Потом он задумался. Мы с тревогой смотрели на него.

– Слушайте, что я вам скажу, – сказал он наконец, – разбудите Дриженко и попросите сыграть с вами в лото. У него есть. За полчаса вы успеете проиграть пять-шесть рублей. Больше этому хабарнику не нужно. И он вас отпустит.

Одну-две партии Степиков посоветовал нам выиграть, просто из приличия, «для близиру», как он выразился.

Действительно, взводный охотно отозвался на предложение сыграть в лото.

– С котлом? Без котла? – деловито осведомился он.

В его сундучке, набитом цветными рубашками, портретами красавиц, вырезанными из журналов, жетонами за отличную стрельбу, картами, свиным салом, оказался полный набор игры, и через минуту Дриженко бойко выкрикивал номера. Мне было противно, что те же руки, которые били Луку, мешаются с моими, касаются их пальцами, тогда как мне хотелось схватить эти пальцы и сжимать их, покуда взводный не грохнется передо мною на колени.

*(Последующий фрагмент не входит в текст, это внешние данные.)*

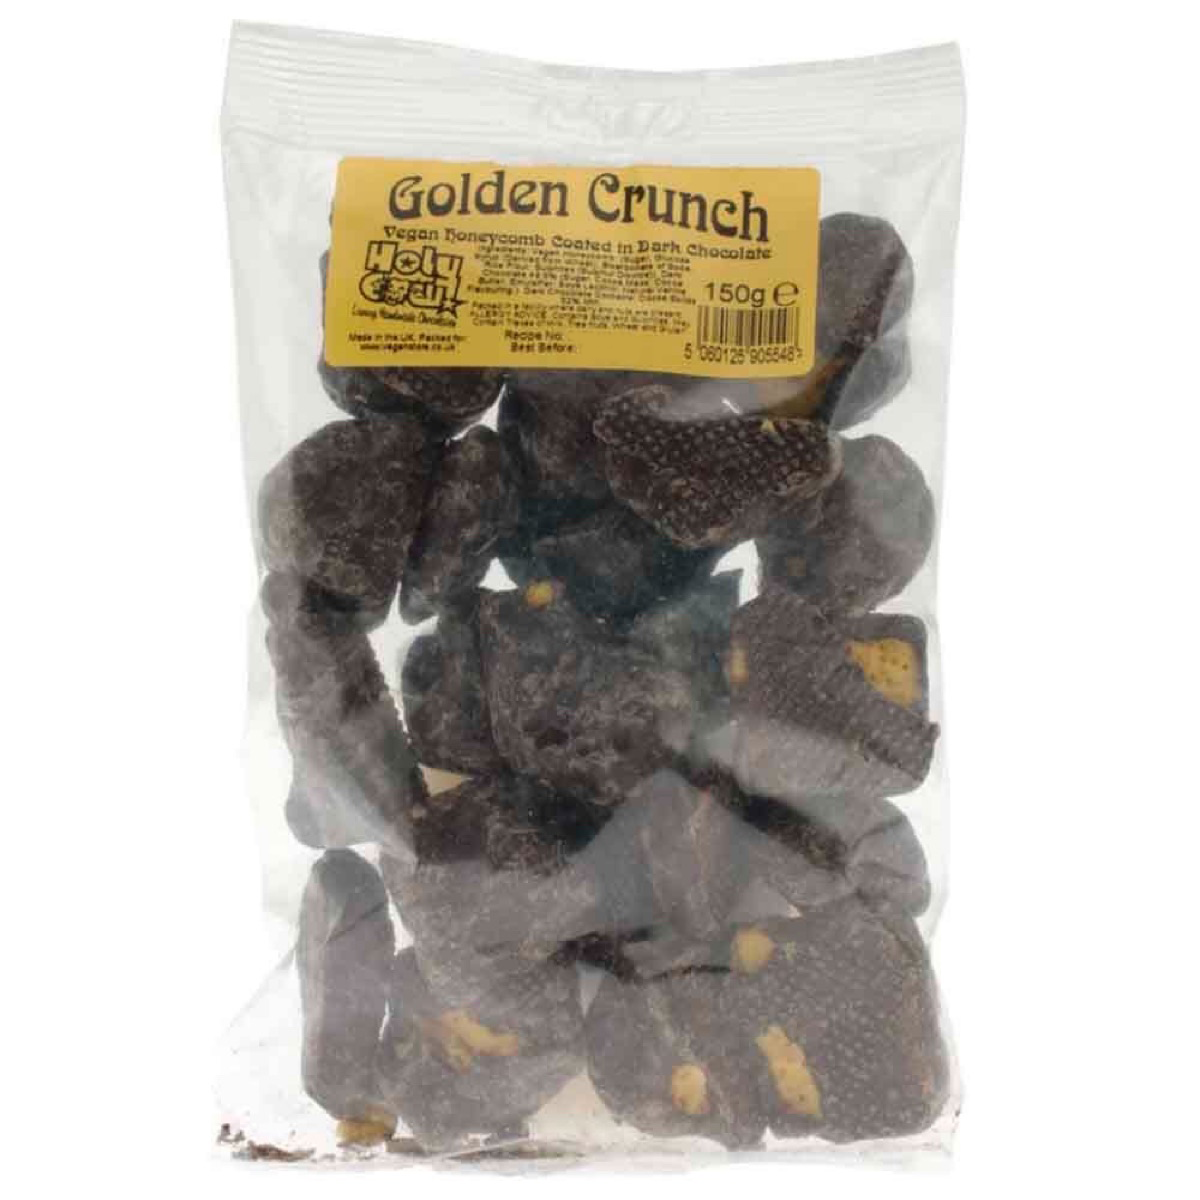 Sealed seethrough plastic bag containing Golden Crunch Vegan Honeycomb Coated in Dark Chocolate

Он оказался опытным лотошником и уснащал игру примечаниями, опротивевшими мне с детства, – туманного моего детства, заполненного тоскливыми семейными вечерами, на которых дедушка Абрамсон заставлял меня часами играть в кругу взрослых ради удовольствия выслушивать, когда я выигрывал, льстивый хор гостей: «Какой способный ребенок, чтоб не сглазить!»

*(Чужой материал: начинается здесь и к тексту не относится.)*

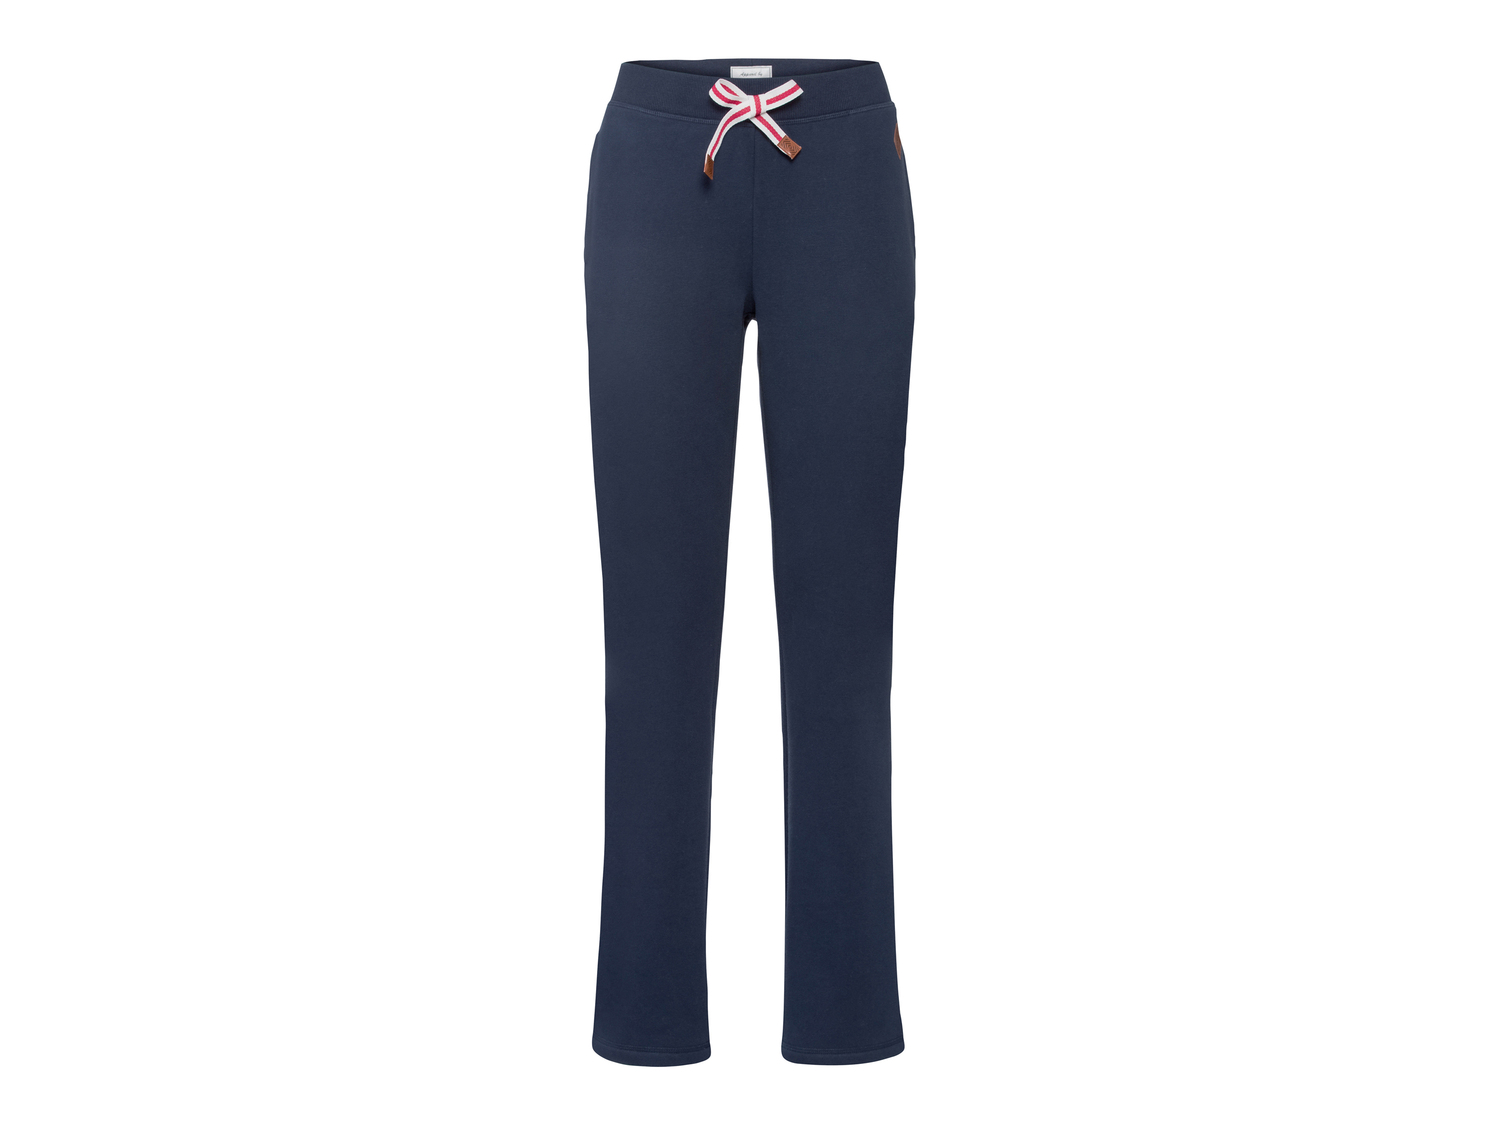 Pantaloni sportivi da donna Esmara, prezzo 11.99 &#8364; 
Misure: S-L
Taglie ...

– Барабанные палочки! – кричал взводный, вытягивая «11» и хитро подмигивая. – Сорок с носом! – и ставил «48». – Дедушка! – и торжественно демонстрировал «90».

Мы притворялись обезумевшими от восторга и, в свою очередь, козыряли ответными прибаутками: «Туды и сюды!» – когда выходило «69» или: «Учитесь считать, господин взводный?» – когда он вытаскивал несколько номеров подряд. Эти жалкие лотошные остроты восхищали взводного. В то же время мы не забывали аккуратно проигрывать, так что через час в руках взводного скопилось около пяти рублей,

Дриженко пришел в прекрасное настроение и на просьбу Стамати отпустить нас в город до одиннадцати часов побаловаться с девчонками заявил:

– А потом за вас отвечай, хвост вам в рот, как старая оглобля! – но тут же вытащил из кармана бланки увольнительных записок, подписанные Третьяковым, и вписал туда наши фамилии. – Смотрите, ребята, – строго сказал, – чтоб не напороться во дворе на ротного. В одиннадцать часов он из офицерского собрания идет домой.

Был вечер, неожиданно теплый, какие бывают иногда в Одессе даже в декабре. Я с наслаждением взрывал сапогами рыхлый снег, коричневый, как шоколадная халва. От долгого воздержания строй штатской жизни ударил мне в голову. Я с аппетитом оглядывал парадные ходы, украшенные медными табличками зубных врачей и ящиками для писем. Мелькали окна с прозрачными занавесками, сквозь которые иногда можно было разглядеть большую кафельную печку или завиток табачного дыма, кувыркающийся в воздухе.

Володя молча семенил рядом, мой милый товарищ, похудевший на царских хлебах, озабоченно облизывающий толстые губы.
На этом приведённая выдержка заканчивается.